Below is an example plot from Hydra vulgaris SRR1032106 using a kmer of 31. The putative symbiont is visible in the plot with a high GC content. The second plot counts based on GC of the full read and median coverage kmers in that read, rather than the kmers alone.

This is conceptually similar to what is done in the "blob" plots by blobtools, (paper by Kumar et al 2013) though that process makes use of assembled contigs while this one considers the raw reads directly. However, instructions for generating such plots are also below. Some assemblers output contig coverage information with the contigs, and these can be used without mapping the reads.

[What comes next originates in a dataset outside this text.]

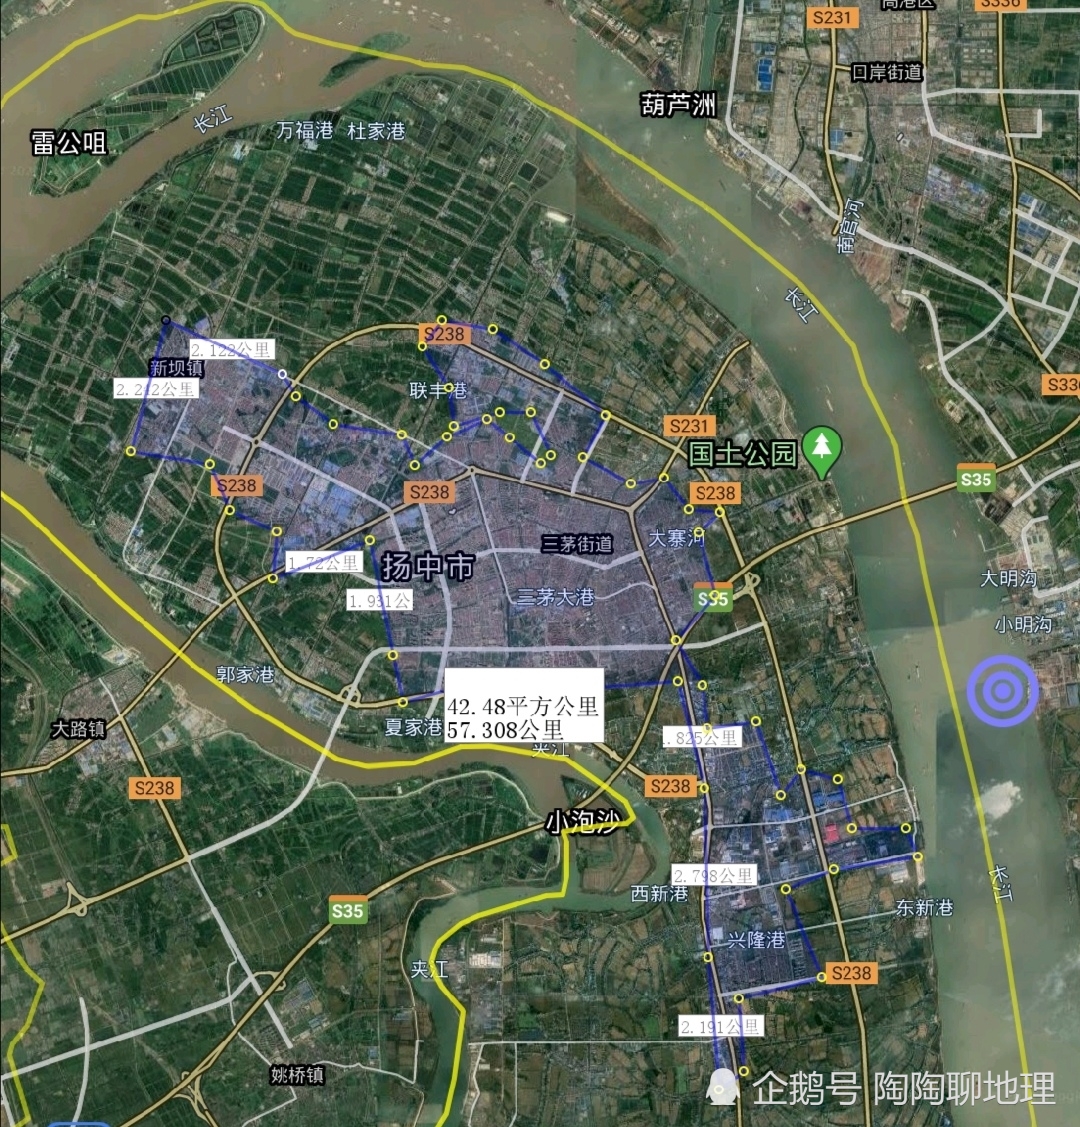 镇江市各地建成区排名,最大是京口区,最小是丹徒区,了解一下?

When making such plots for metagenomics, be aware of the implications of contig coverage for many potential analyses. The coverage is calculated by reads per base, but for the blobs, should reflect the relative number of copies of contigs or chromosomes. For something like a bacterial sample, this could be considered to be a relative counts of cells.

Mapping the original reads back to the assembled contigs should make a mostly even coverage within each scaffold. The raw total counts per gene or per contig will vary by the length, and therefore must be normalized in order to be meaningful (such normalization is already expressed by the coverage). For example, if two bacterial species had equal abundance, but one has a genome 2x larger than the other, this will account for 2x the number of reads, even if the coverage is the same.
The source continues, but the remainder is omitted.